AIM OF THE EXERCISE: Exact copy, no pictures: return all the data below as written.

Items from a dataset:
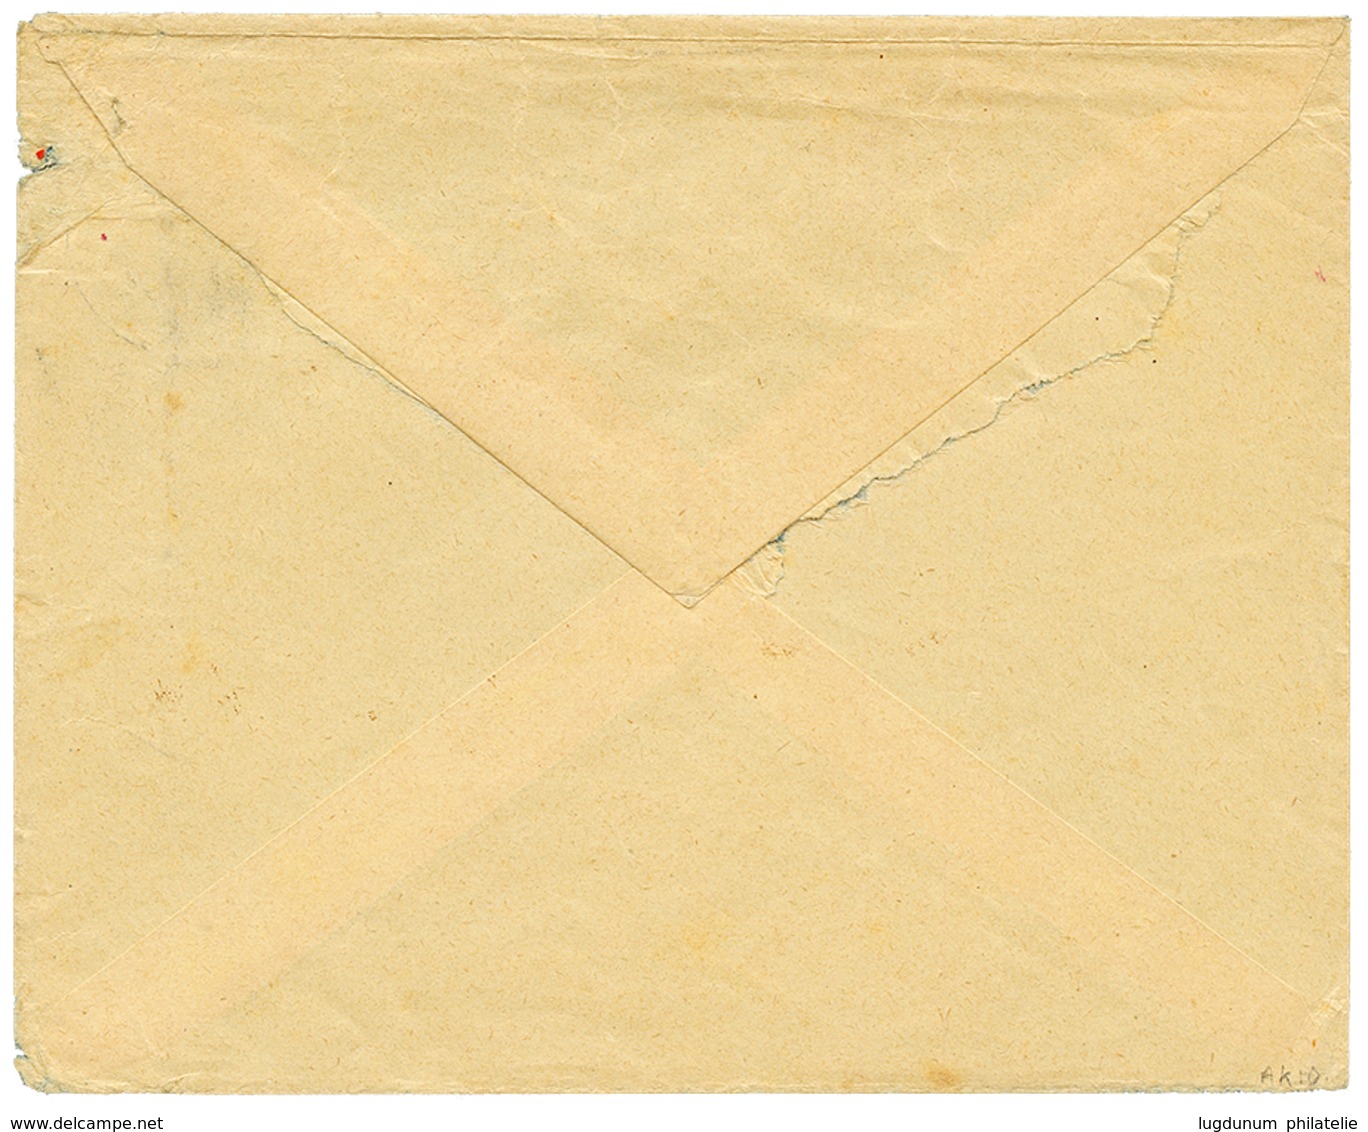 1069 1910 4h(x2) Canc. TAVETA DEUTSCHE FELDPOST + Red Cachet ZENZUR PASSIERT DEUTSCH OSTAFRIKA On Envelope To BERLIN. Vf - China (offices)
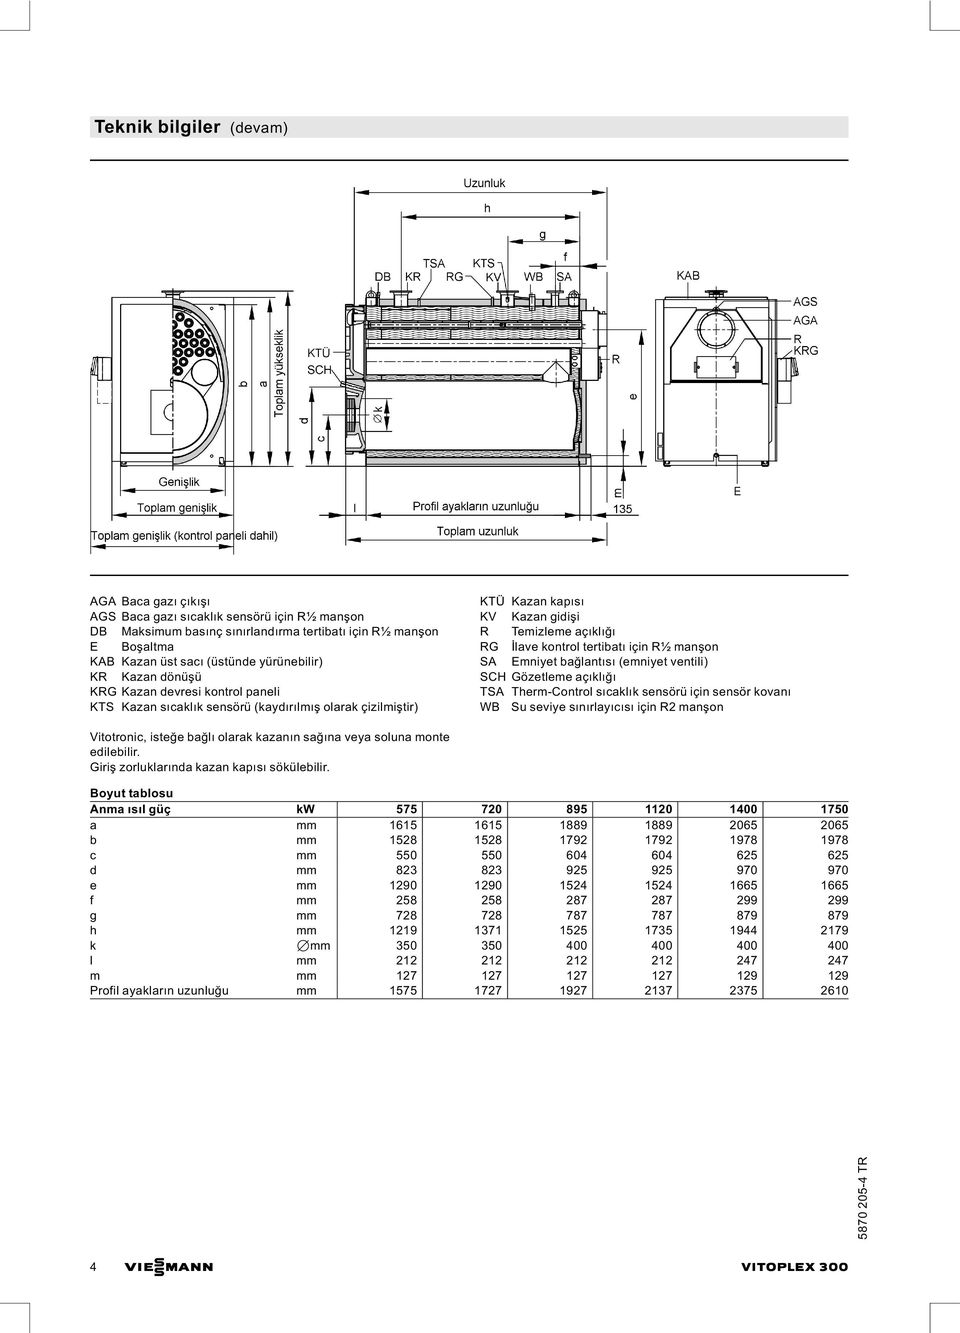 tertibatı için R½ manşon SA Emniyet bağlantısı (emniyet ventili) SCH Gözetleme açıklığı TSA Therm-Control sıcaklık sensörü için sensör kovanı WB Su seviye sınırlayıcısı için R2 manşon Vitotronic,
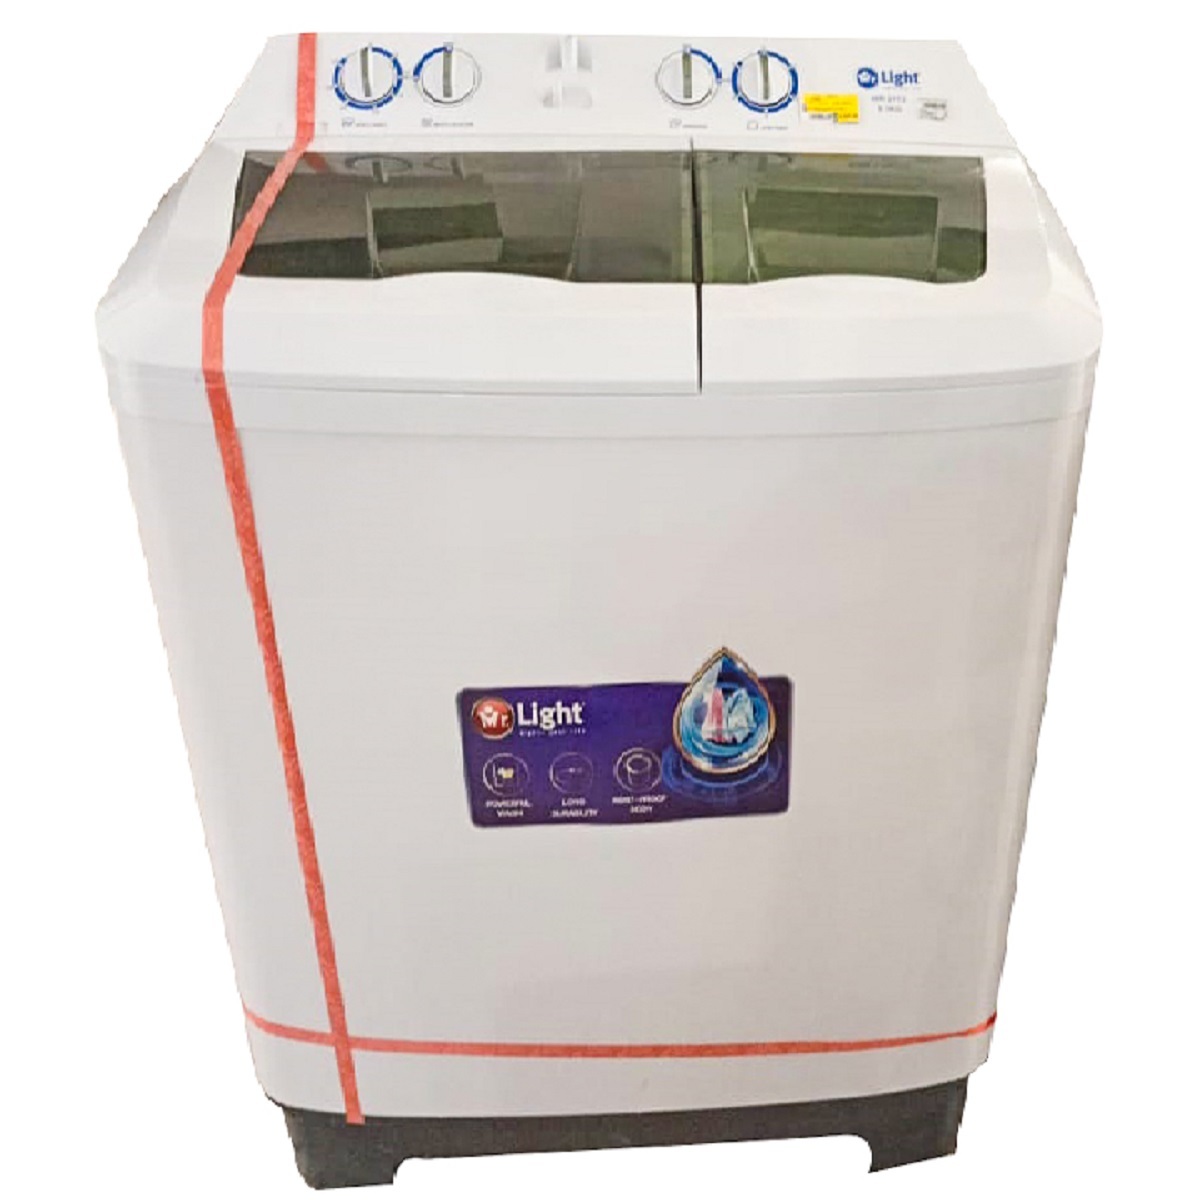 Mr light Washing Machine Semi Automatic MR 2113 9.5Kg
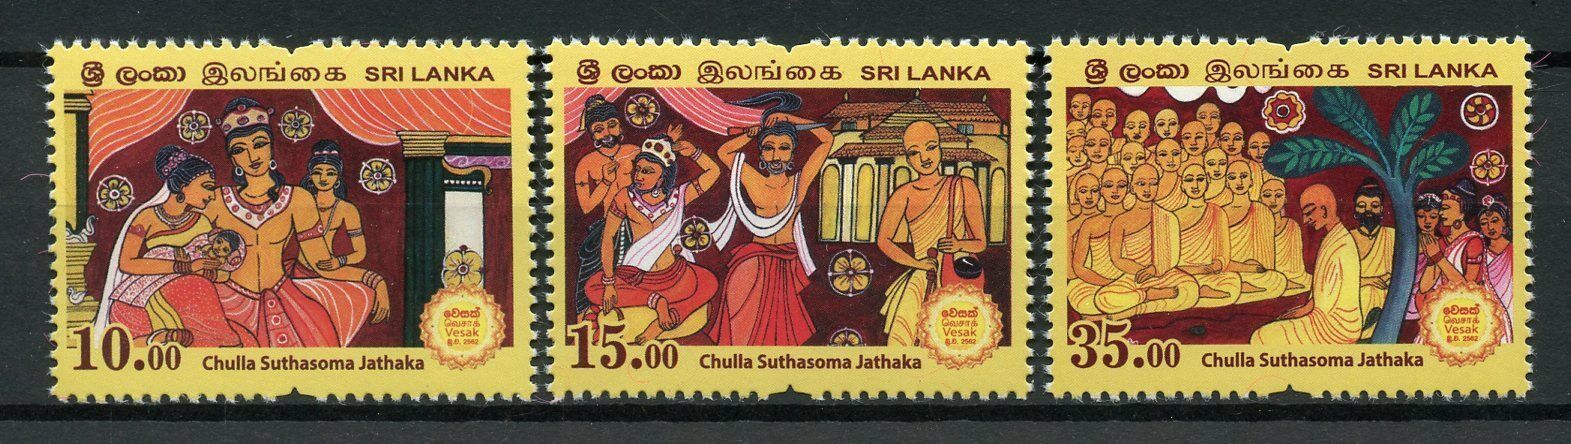 Sri Lanka 2018 MNH Vesak Buddha Day Chulla Suthasoma Jathaka 3v Set Stamps
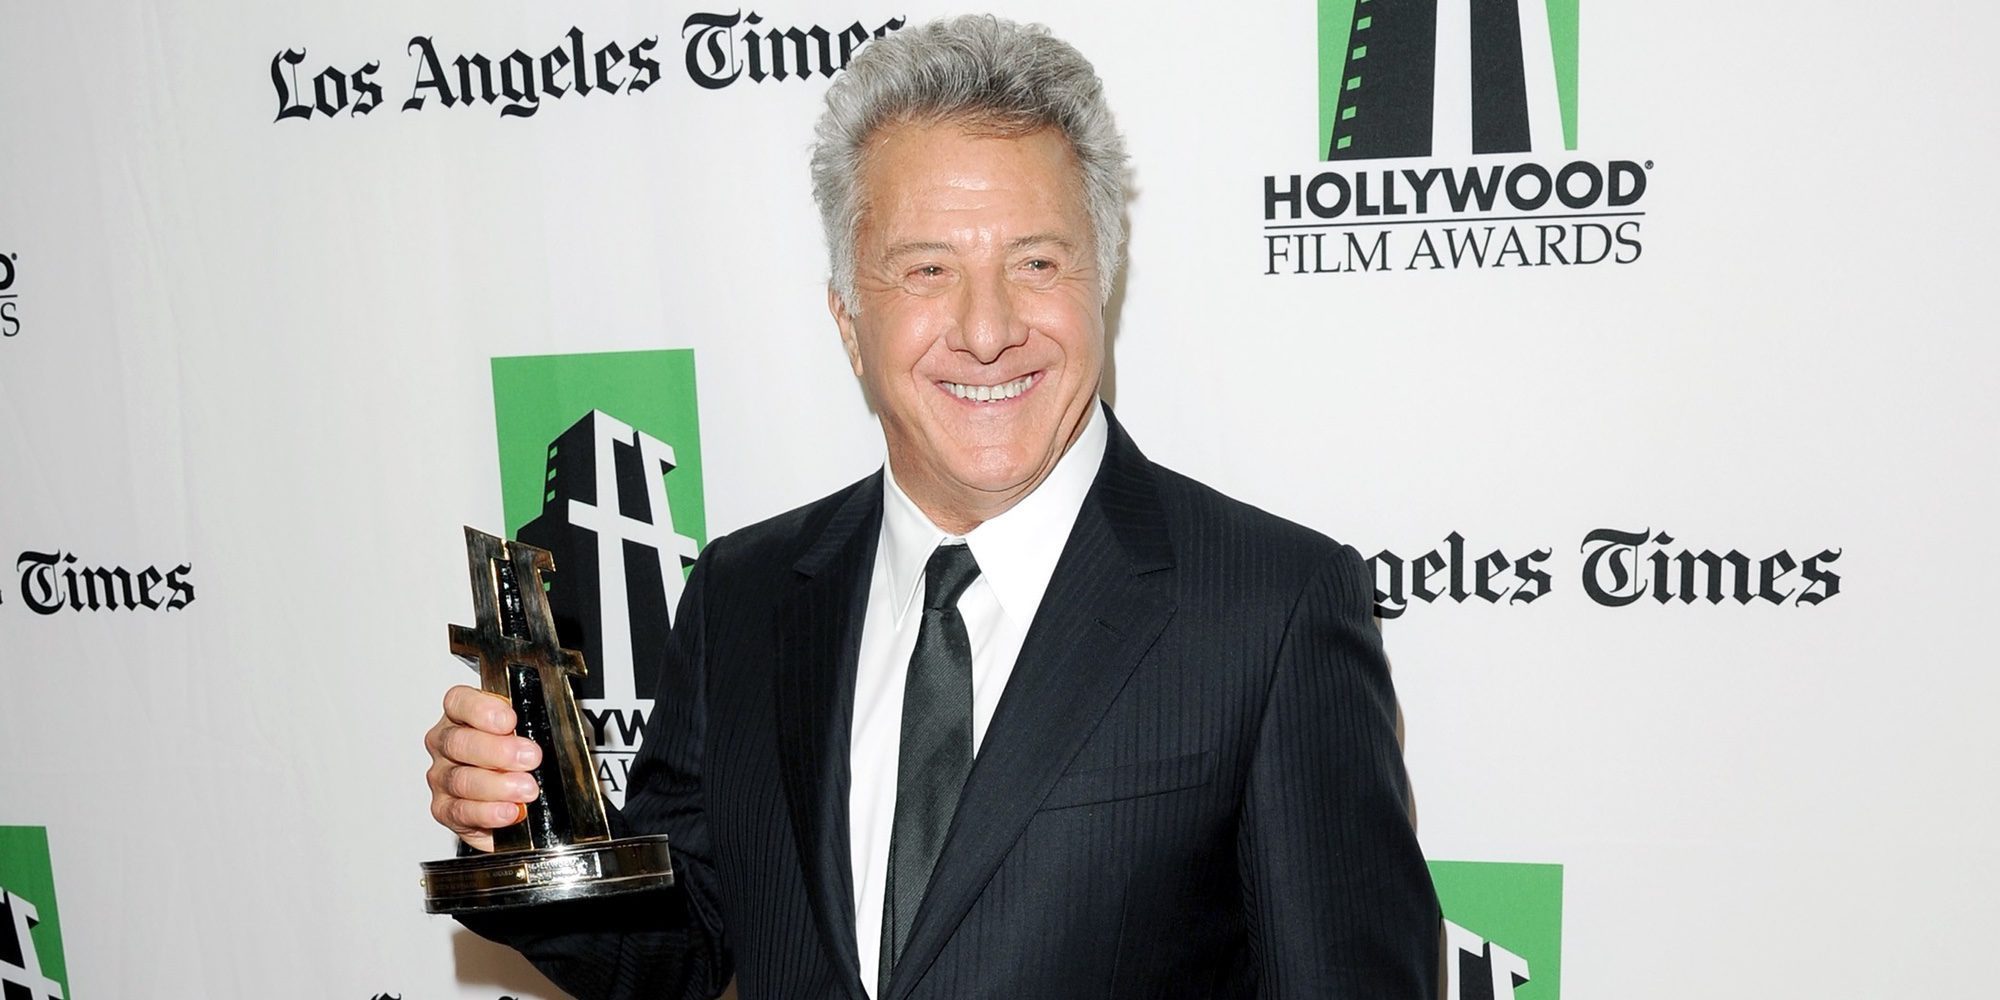 Dustin Hoffman reaparece sonriente en los Hollywood Film Awards tras la acusación de acoso sexual

OUTPUT OF THE EXERCISE:
 1069 1910 4h(x2) Canc. TAVETA DEUTSCHE FELDPOST + Red Cachet ZENZUR PASSIERT DEUTSCH OSTAFRIKA On Envelope To BERLIN. Vf - China (offices)
 tertibatı için R½ manşon SA Emniyet bağlantısı (emniyet ventili) SCH Gözetleme açıklığı TSA Therm-Control sıcaklık sensörü için sensör kovanı WB Su seviye sınırlayıcısı için R2 manşon Vitotronic,
 Mr light Washing Machine Semi Automatic MR 2113 9.5Kg
 Sri Lanka 2018 MNH Vesak Buddha Day Chulla Suthasoma Jathaka 3v Set Stamps
 Dustin Hoffman reaparece sonriente en los Hollywood Film Awards tras la acusación de acoso sexual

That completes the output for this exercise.